Weekly Management Tips

“They can because they think they can.”
~ Virgil

There are average companies and there are good companies. There are poor companies and then there are the great companies. Each:

  • operates in the same economy
  • has the same pool of potential employees
  • develops its employees or doesn’t
  • has competition
  • must deal with the government in some way
  • has opportunities for growth
  • makes a variety of decisions each day
  • is on the path toward excellence or mediocrity
  • lives its core values or doesn’t every day
  • believes in its mission, people and destiny or doesn’t

I could go on, but there are a few things that separate the poor, good or average companies with the great and outstanding ones.

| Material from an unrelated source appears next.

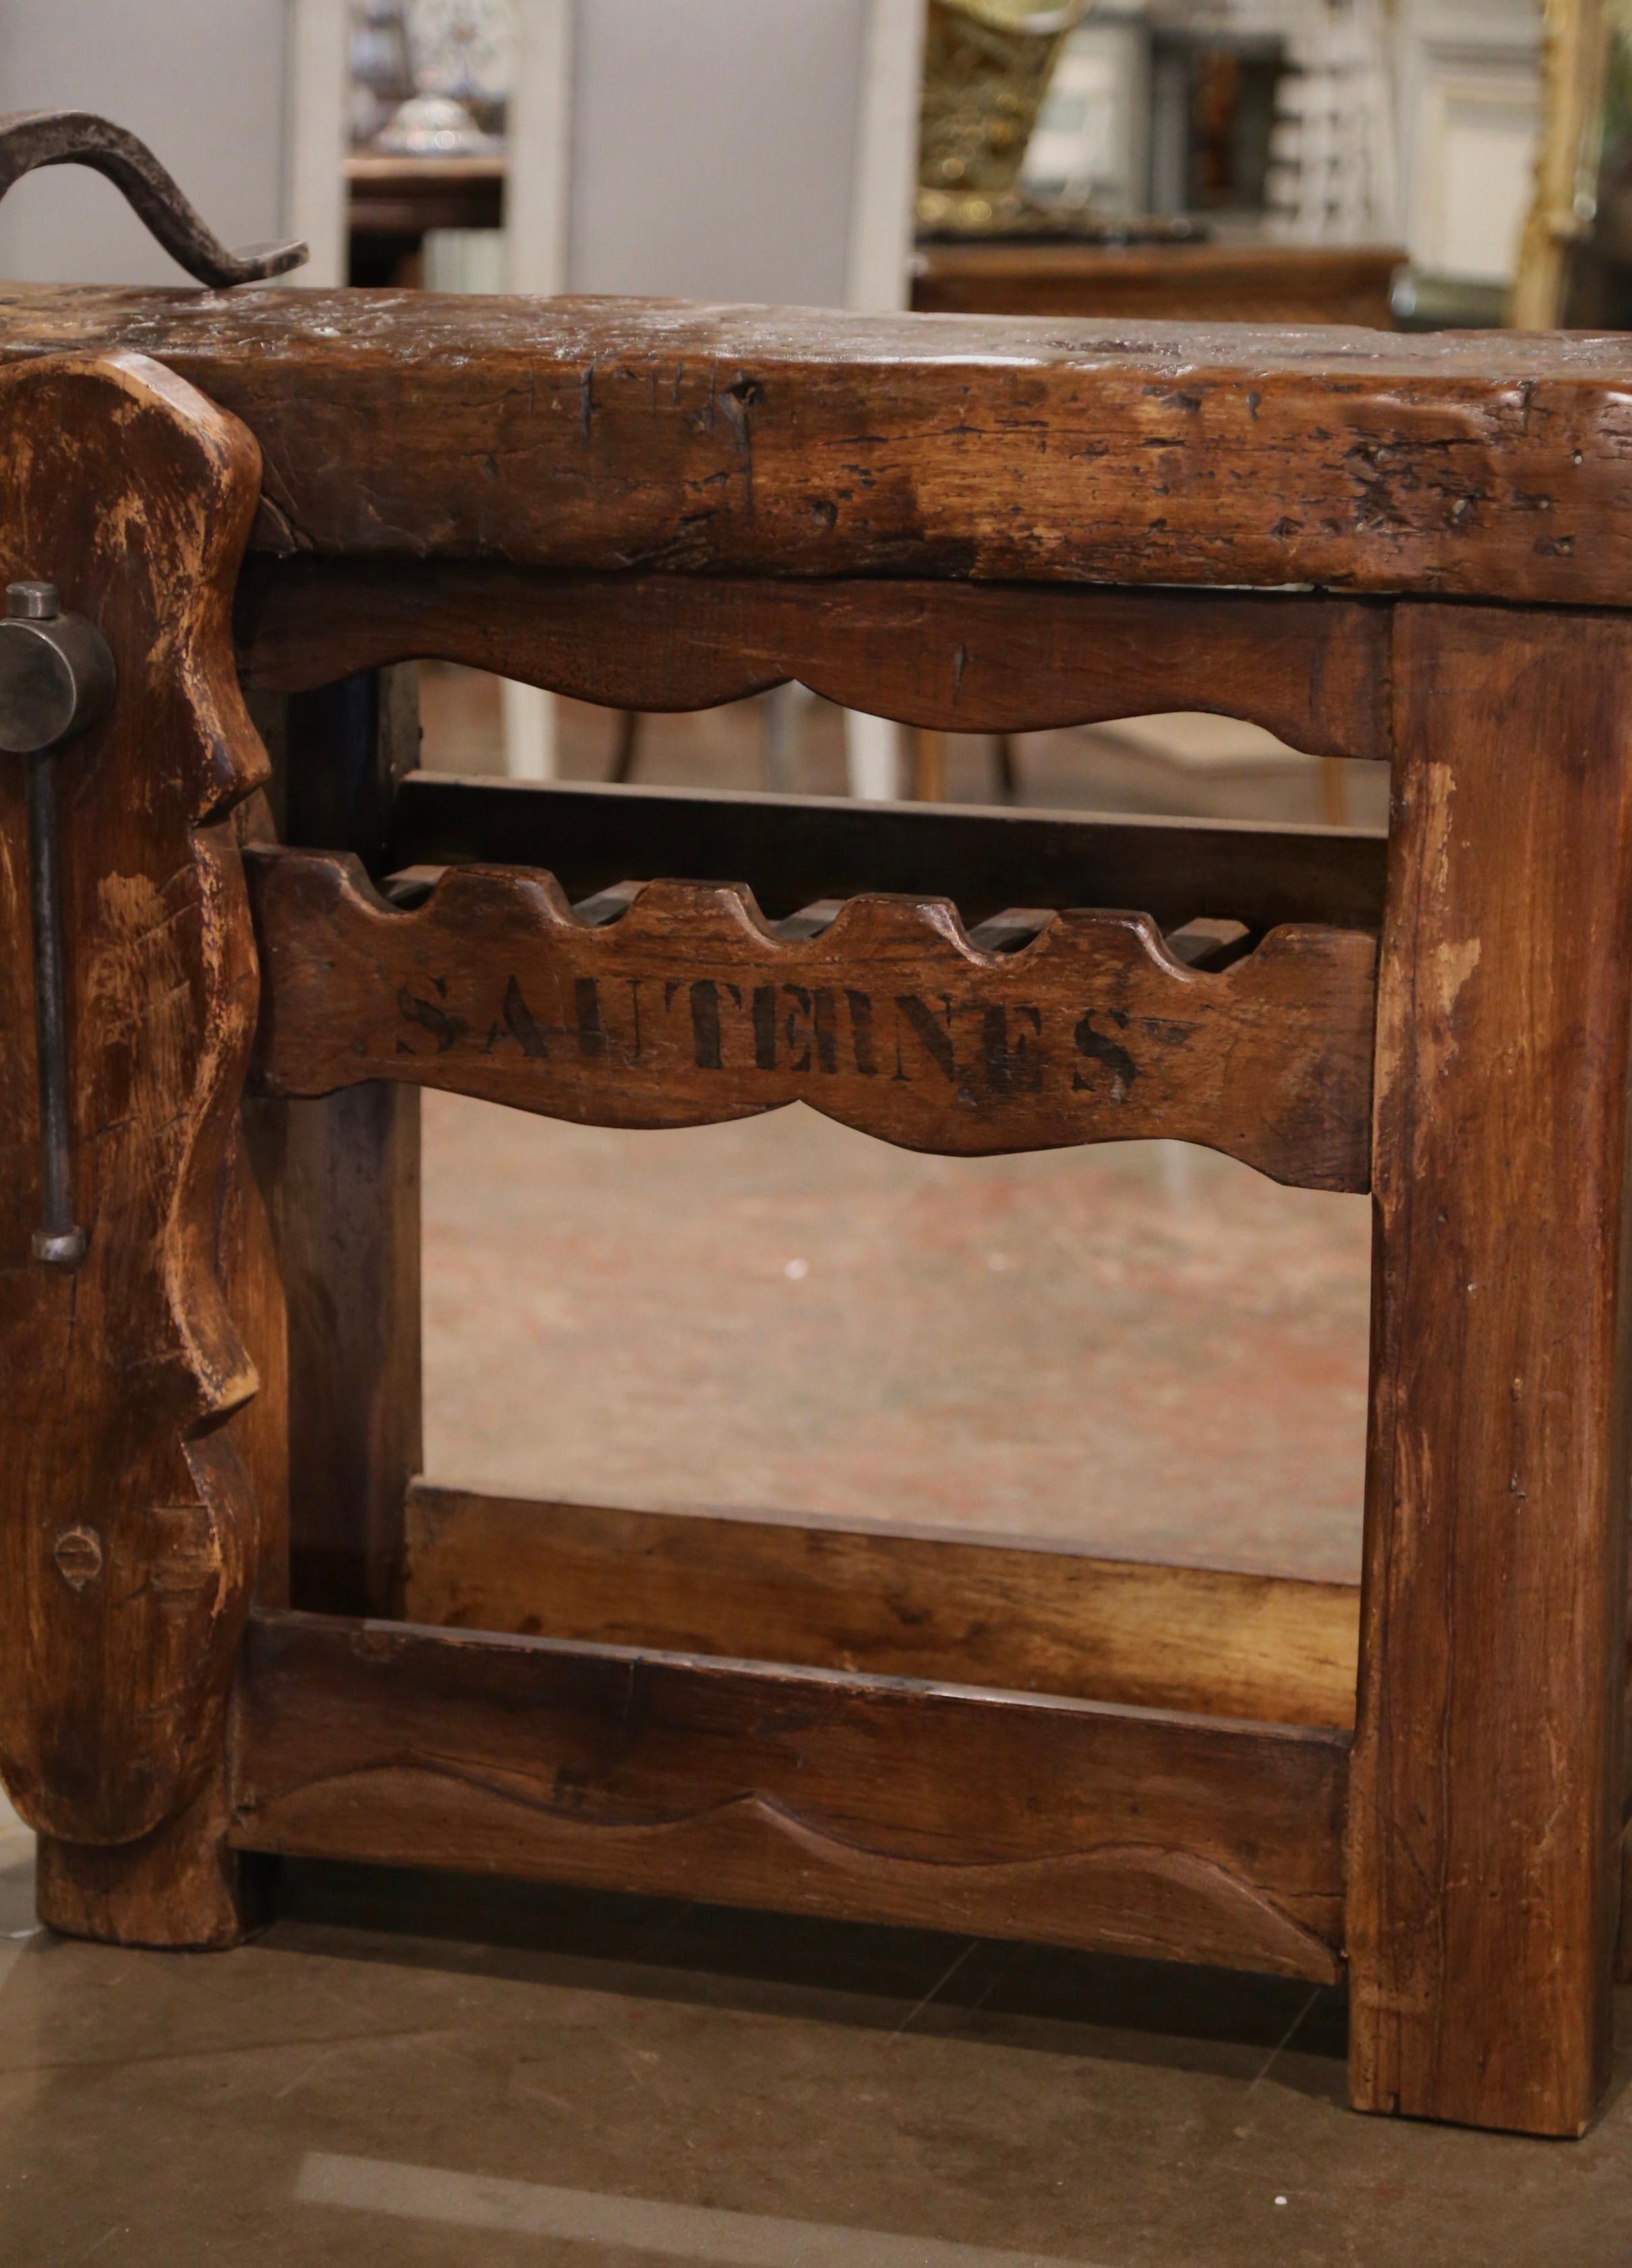 Dieser antike Tisch wurde um 1880 in der französischen Poitou-Region hergestellt. Das rustikale, rustikale Stück aus Eiche, das auf der Vorderseite mit dem Wort

For over 40 years I have been working with hundreds of organizations worldwide in a wide variety of industries and I can tell you from my unscientific but real-world research and observations that the good, poor or average companies could be great ones if they would only have the courage, discipline, will and commitment to operate with a few but basic premises or principles. In summary I believe they are:

  1. Find what you are passionate about and only do that. Resist the pull toward opportunities no matter how alluring or tempting that offer quick cash, fame, market share or whatever, if these opportunities are not at the core of your fundamental business.
  2. Success in business is not about timing, products/services, your competition, the state of the economy or having good people. It is about having the RIGHT people in the RIGHT jobs doing the RIGHT things at the RIGHT time. And, it is getting the WRONG people out of your organization as soon as you realize they are the WRONG people.
  3. Corporate culture is always a top-down issue. Great companies create a corporate culture that permits freedom, innovation, initiative and an empowering environment while providing general guidelines and accountability whereby people can operate with minimum supervision and inspection and the freedom to fail, learn, grow and create.
  4. Outstanding companies understand that the key is not to motivate people but to find people who are motivated while management does it’s best to not de-motivate these people.
  5. Successful companies invest more in their people than they do any other corporate expenses. And, if they are the right people they then step back and watch your company soar beyond your wildest dreams.
  6. Managers and executives of outstanding companies understand the simple rules of human behavior:
  • You get the behavior you reward
  • You have to inspect what you expect
  • You must hold people accountable
  • People want to do their best

Are you working for or running a great company or an average one?